When is overlap of control and modification strategies most justified?

a
Newly diagnosed CAD
New diagnosis alone does not define the clinical goal that would justify overlapping strategies.
b
Mild asymptomatic disease
Combination increases risk unnecessarily.
c
Acute hemolysis with long-term remission goal
Immediate control plus long-term modification addresses different time horizons.
d
Patient request for aggressive treatment
Preference alone does not justify escalation.

Which statement best describes reassessment in CAD care?

a
It signals initial treatment failure
Reassessment is expected, not failure.
b
It reflects diagnostic uncertainty
Diagnosis may be secure.
c
It is only necessary after relapse
Waiting for relapse risks harm.
d
It is a routine therapeutic step in chronic disease
Longitudinal diseases require periodic realignment.
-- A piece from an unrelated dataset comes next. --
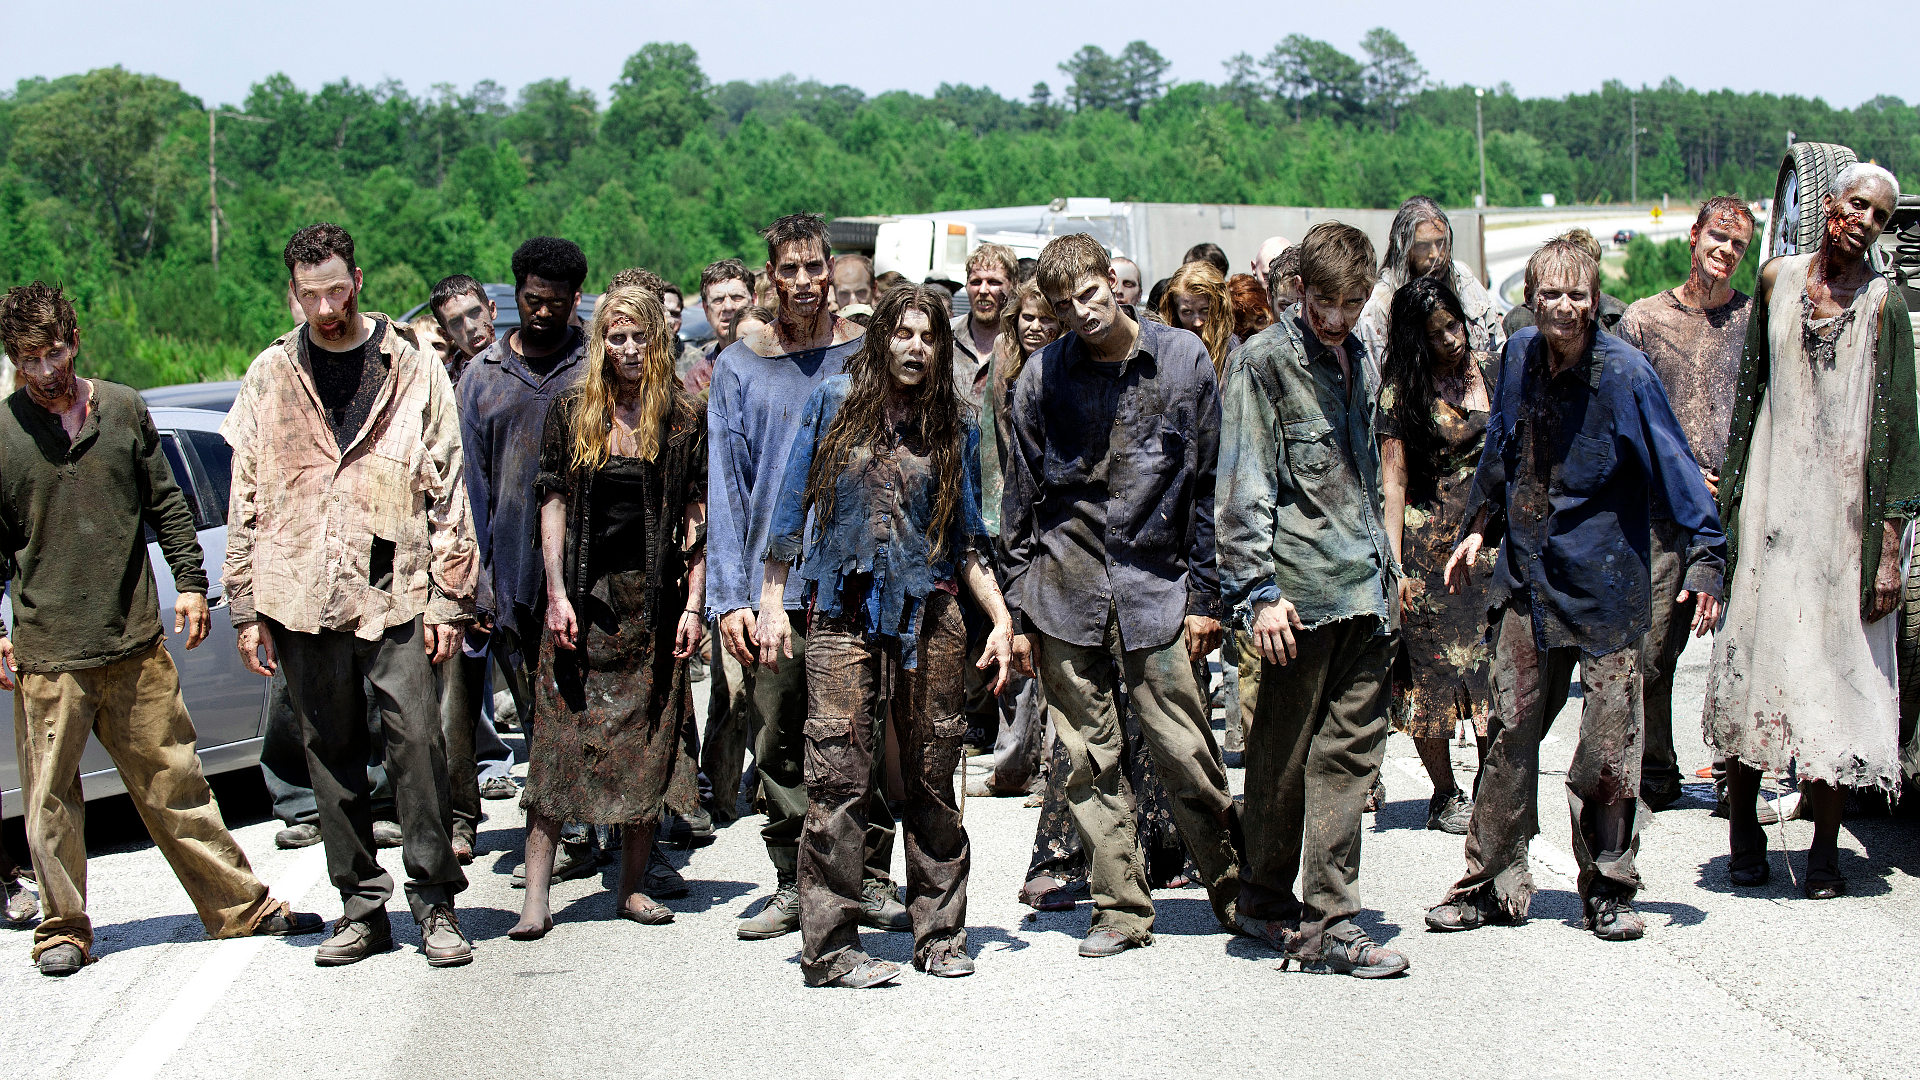 SMS could help you from a zombie apocalypse!
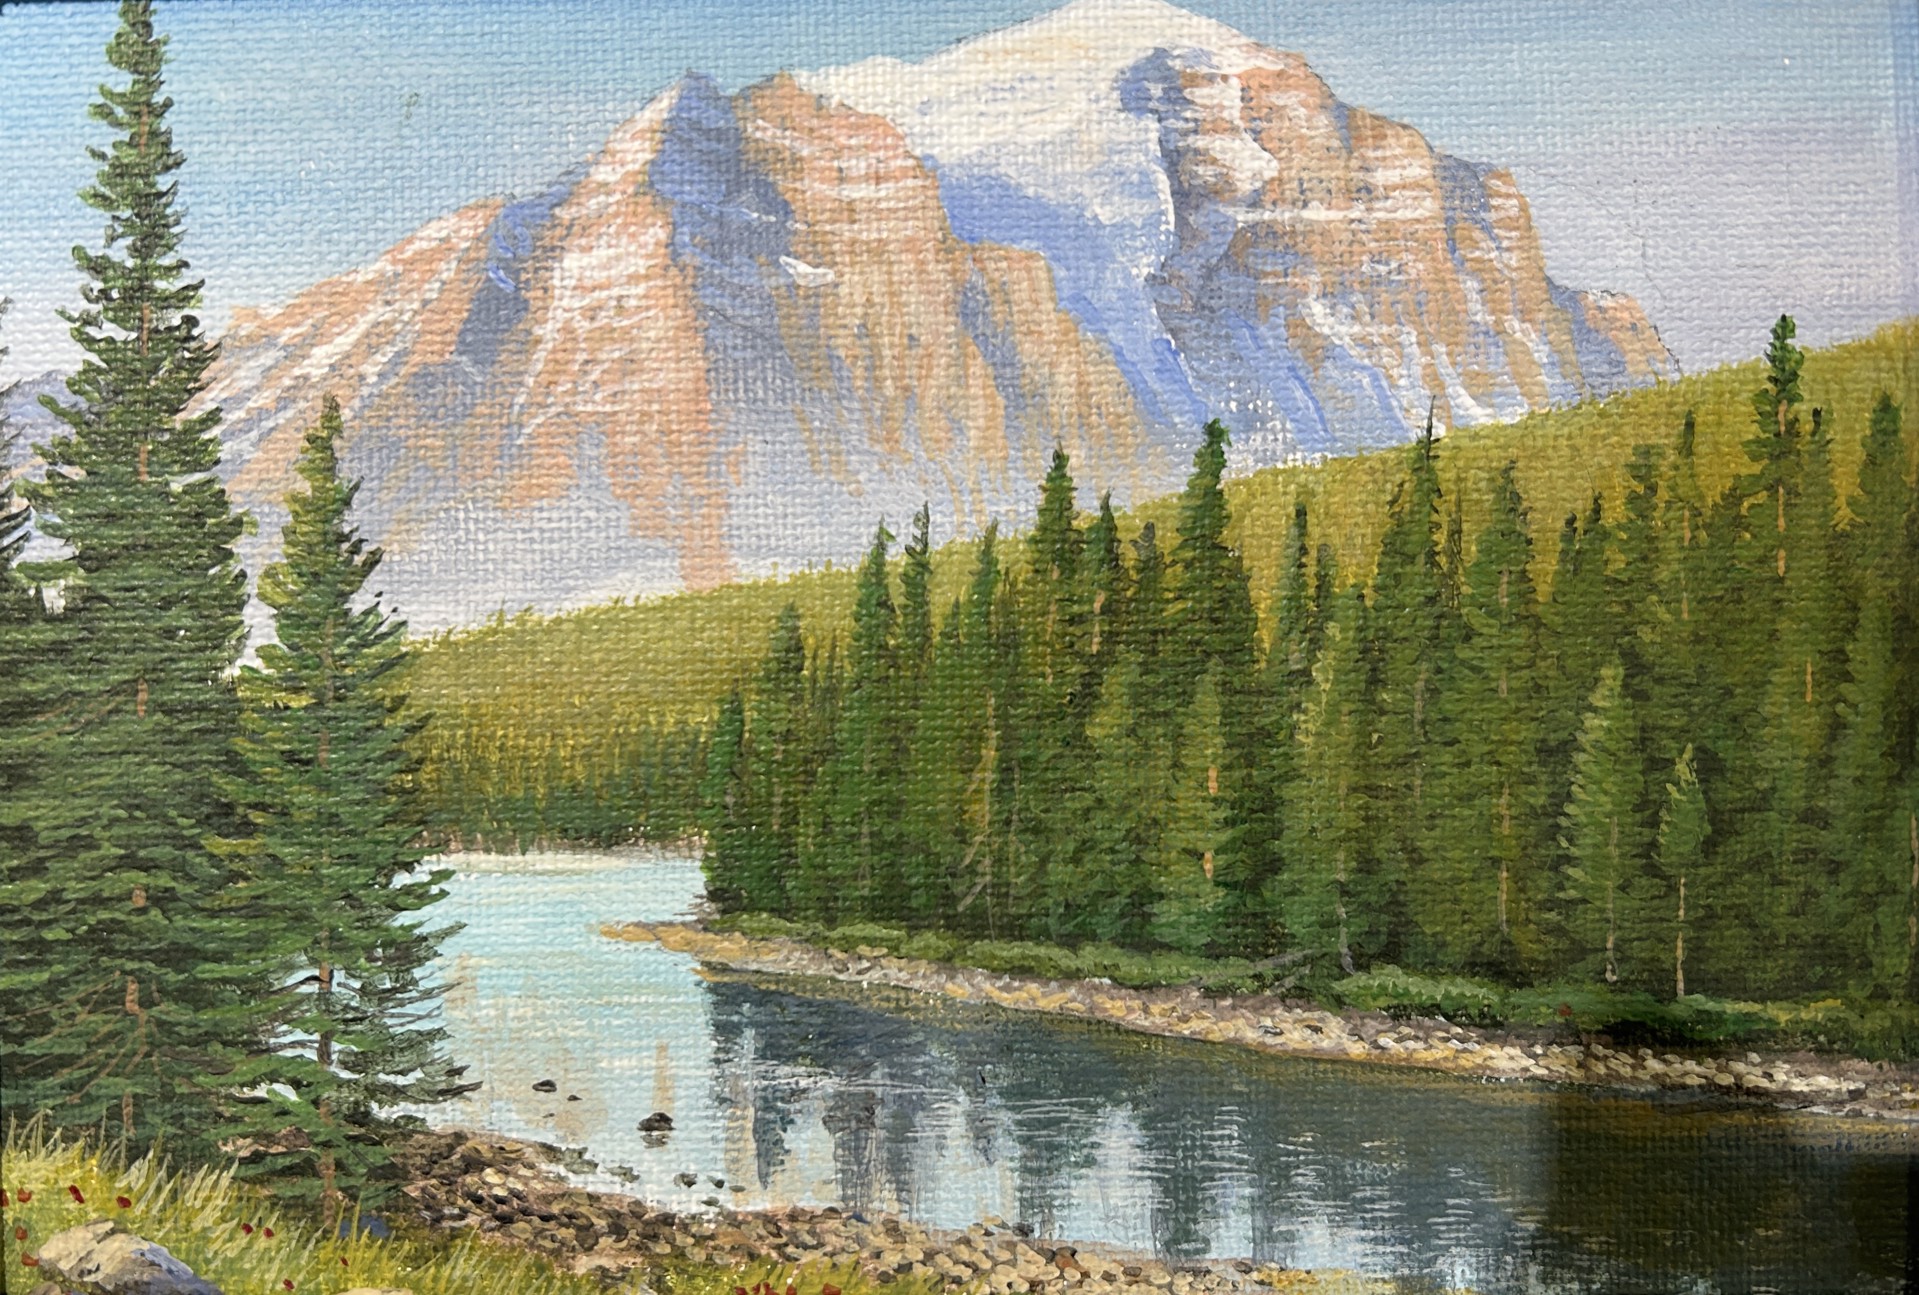 Down at The River (Mt. Temple from Lake Louise village) by Jake Vandenbrink

A patient observed for 2 years develops increasing transfusion needs and worsening cold-induced pain. What does this change most clearly indicate?

a
Observation was incorrect from the start
Observation may have been appropriate earlier.
b
A gradual evolution in disease expression requiring reassessment
The key signal is changing trajectory, which prompts reassessment of strategy.
c
The disease has suddenly transformed biologically
Abrupt transformation is not required to justify reassessment.
d
Treatment is now mandatory regardless of preference
Decisions still require judgment.

Which principle best captures expert longitudinal management?

a
Treat aggressively early to prevent complications
Aggression is not always appropriate.
b
Maintain initial therapy unless relapse occurs
Static therapy ignores change.
c
Adjust therapy whenever biology or priorities change
Strategy must track evolving context.
d
Follow a standard sequence for all patients
No single sequence fits all patients.

A patient achieves stable hemoglobin on complement inhibition and asks whether therapy can be stopped. What is the most accurate response?

a
Complement inhibition can be stopped once hemoglobin stabilizes
b
Control usually persists only while therapy continues
c
All CAD therapies require indefinite treatment
d
Discontinuation should be attempted annually

A patient on complement inhibition develops slowly rising transfusion requirements over months, yet therapy is unchanged. This most likely represents:

a
Appropriate observation
b
Therapeutic inertia
c
Permanent treatment failure
d
Expected plateau

A patient begins clone-directed therapy while continuing complement inhibition to maintain stability during induction. This approach is best described as:

a
Sequential logic with intentional overlap
b
Redundant therapy
c
True combination therapy
d
Diagnostic uncertainty

Sort each feature into the correct category:

Accepts delayed benefit
Requires ongoing therapy
May allow treatment-free intervals
Targets pathogenic clone
Bridges unstable periods
Prioritizes speed
Cold avoidance
Control
Modification
Supportive

Match each concept to its clinical implication:


Observation
Complement inhibition
Clone-directed therapy
Treatment risk exceeds burden
Rapid stabilization
Durability potential
Correct! Sorry, Incorrect.

Closing Note

Cold agglutinin disease is not managed by selecting the right drug once.
It is managed by repeatedly asking the right question.

Expert care lies not in choosing therapy, but in recognizing when the clinical question has changed.